According to a 2020 census that was published in The Astrophysical Journal, there were roughly 60 satellites within 1.4 million light-years of the Milky Way. However, it is difficult to determine the exact number of satellite galaxies in the Milky Way, partly because not all of the suggested satellite galaxies have been spectroscopically verified to circle the Milky Way.
According to Geha, there are likely five to eight objects with equivocal spectroscopy or no spectroscopy at all. Furthermore, she said, new satellite candidates are continuously being found.

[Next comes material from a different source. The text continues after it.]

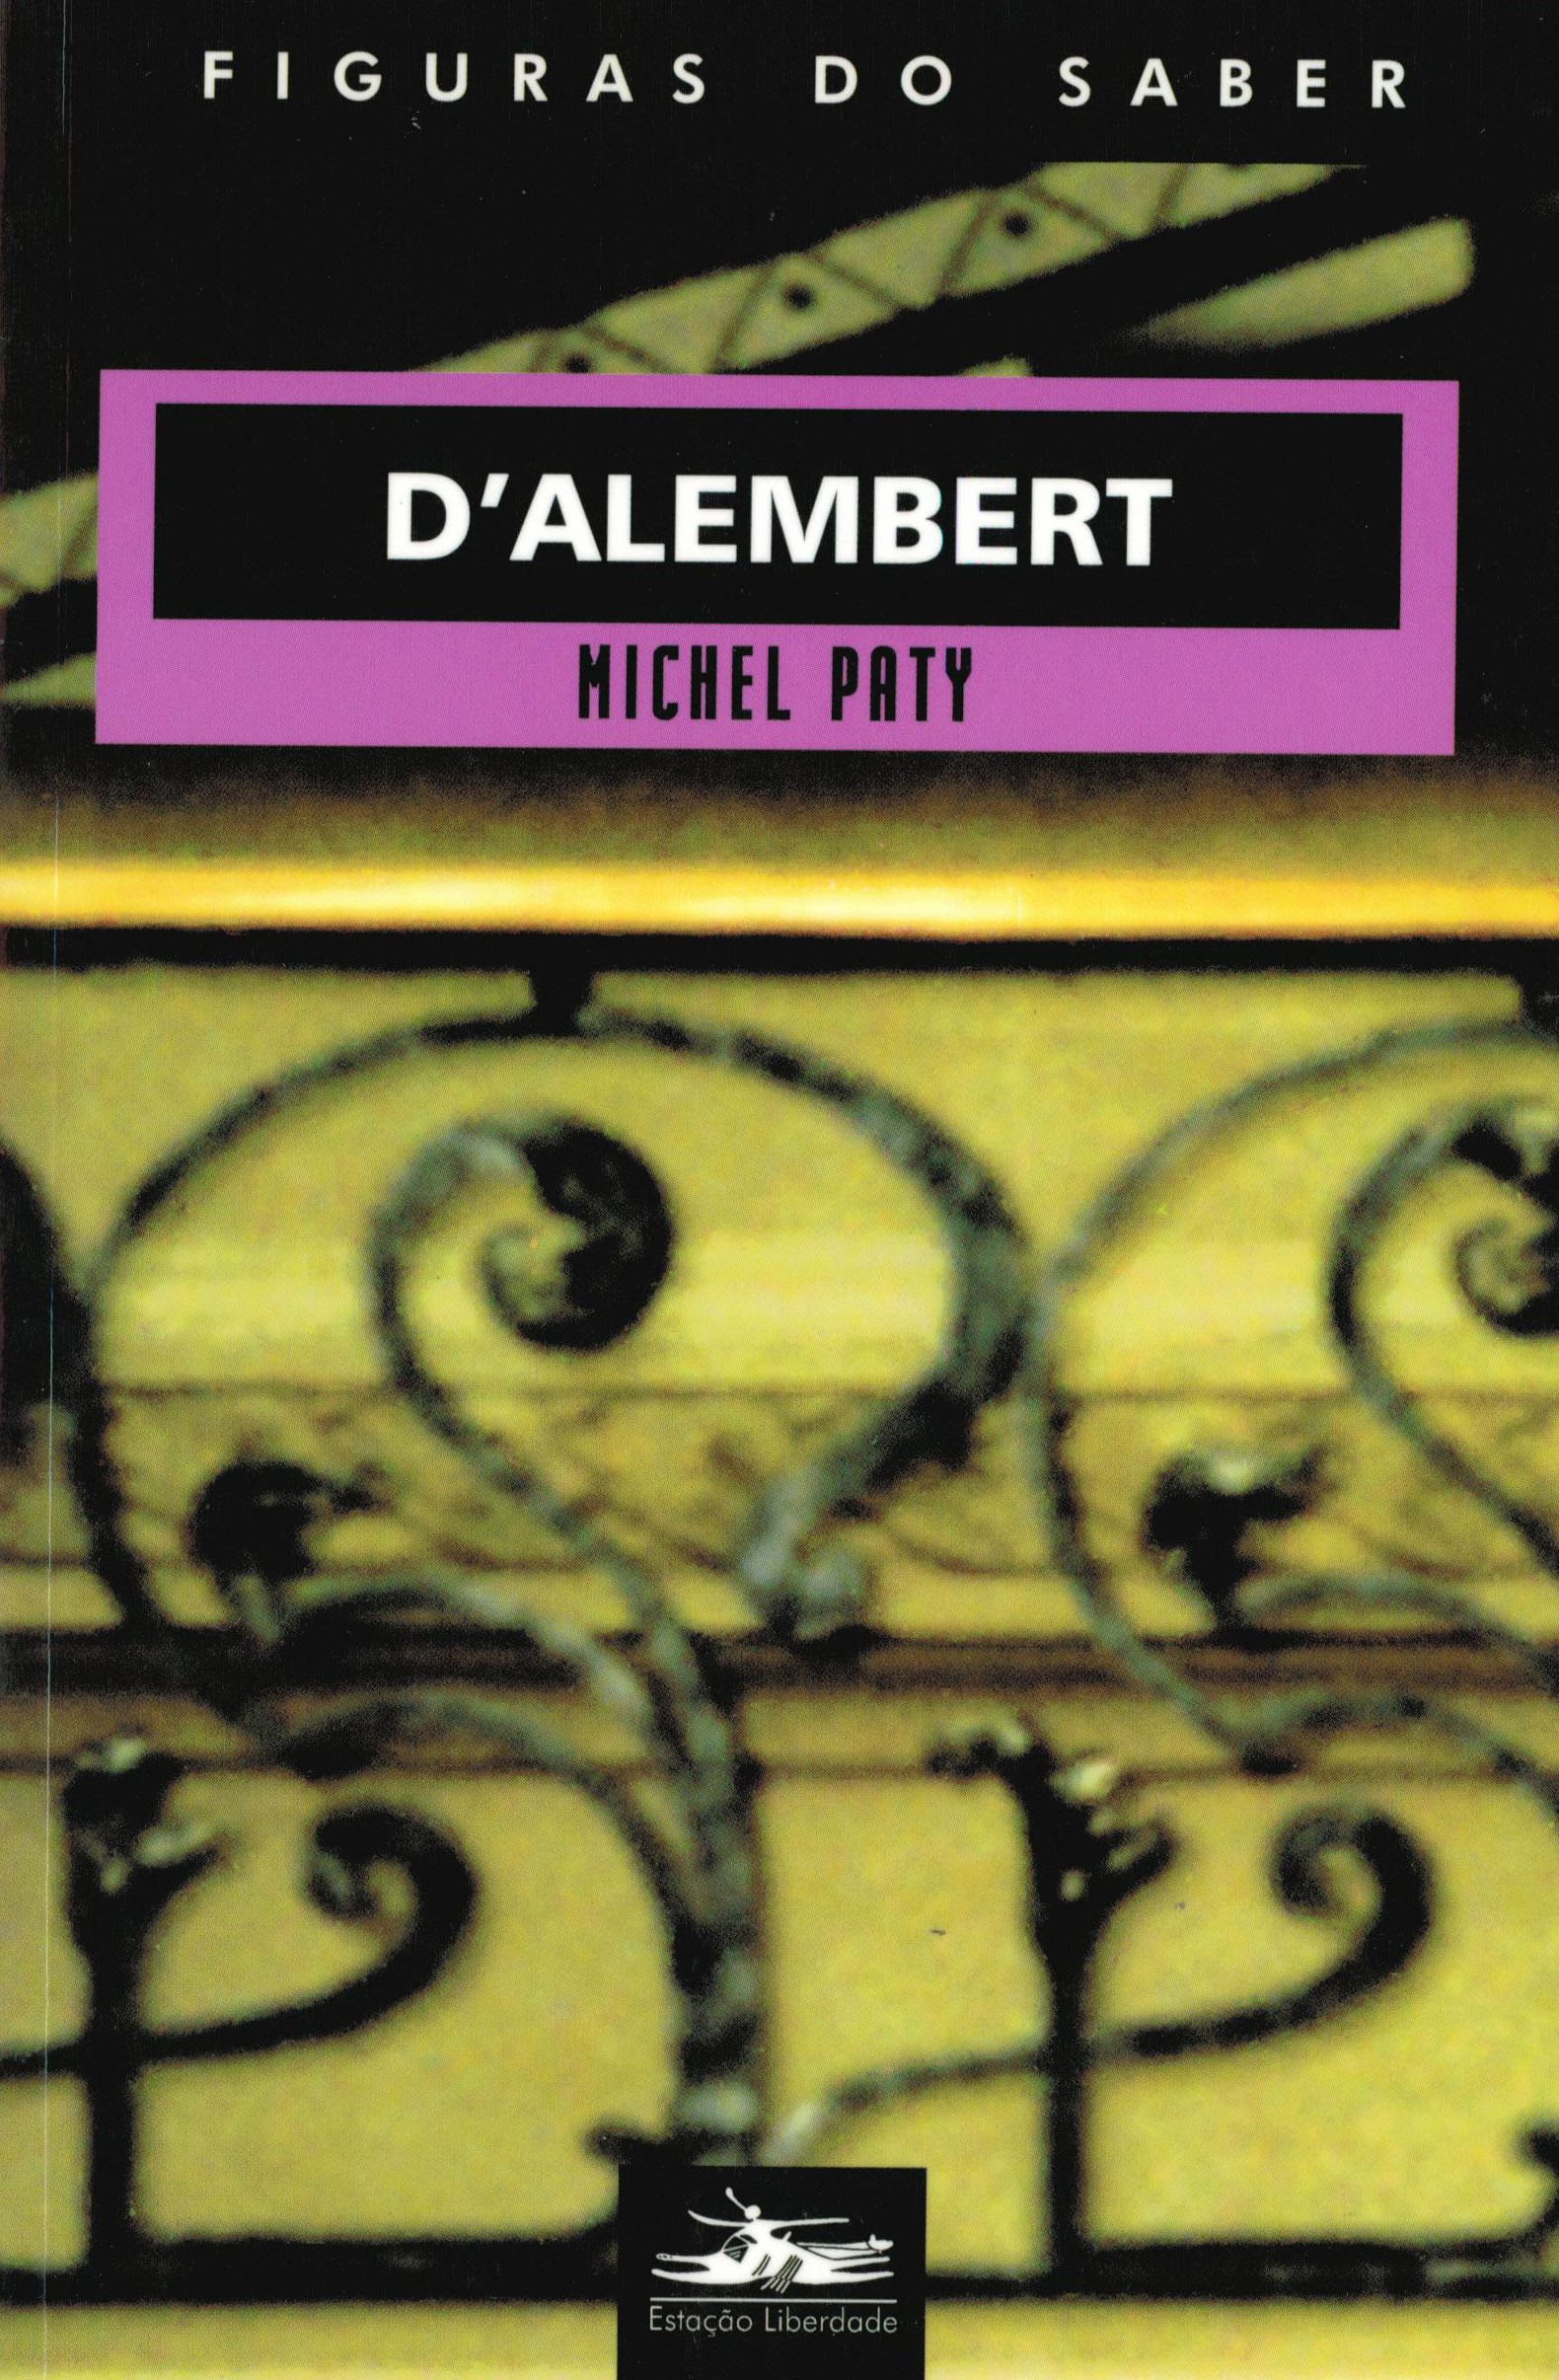 D'alembert

When Geha began her research more than 20 years ago, the Milky Way had just 11 known satellites. Geha focuses on the formation and evolution of dwarf galaxies. According to Geha, it changed in the early 2000s when the Sloan Digital Sky Survey started gathering data. Sloan’s digital camera enhanced astronomers’ ability to see faint dwarf galaxies, and it created the first digital atlas that encompassed nearly one-third of the night sky. Brighter stars nearer Earth tend to block out their weak glow.
Researchers were able to algorithmically remove foreground stars from Sloan’s digital photos, which was far more difficult to accomplish with analog photos and photographic plates, Geha added. This made previously hidden weak dwarf galaxies visible.
According to Geha, each of the major new imaging surveys has changed the game. All of these increases and the quantity of satellites that we are aware of are primarily due to technology.
Each survey, from the Dark Energy Survey in the 2010s to Sloan in the 2000s, discovered dozens of satellite galaxies circling the Milky Way. Geha predicted that if the Milky Way doesn’t devour those galaxies first, the Vera C. Rubin Observatory in Chile will probably discover hundreds more satellites.
“The Milky Way is gravitationally bound to satellite galaxies,” Graur stated. “They continue to be gravitationally pulled by the Milky Way. It draws them in slowly. Additionally, it begins to rip them apart and devour them as it draws them in.
According to Graur, one such victim was a dwarf galaxy that is now known as Gaia Enceladus. The Milky Way tore it apart and ate it, leaving behind stars that currently shine in the Milky Way’s halo. Geha went on to say that the satellite galaxies that are currently visible will probably experience the same fate in the future.
“Those satellite galaxies will fall into the parent and merge, creating an even bigger central galaxy if we wait a very long time, billions and billions of years,” she said.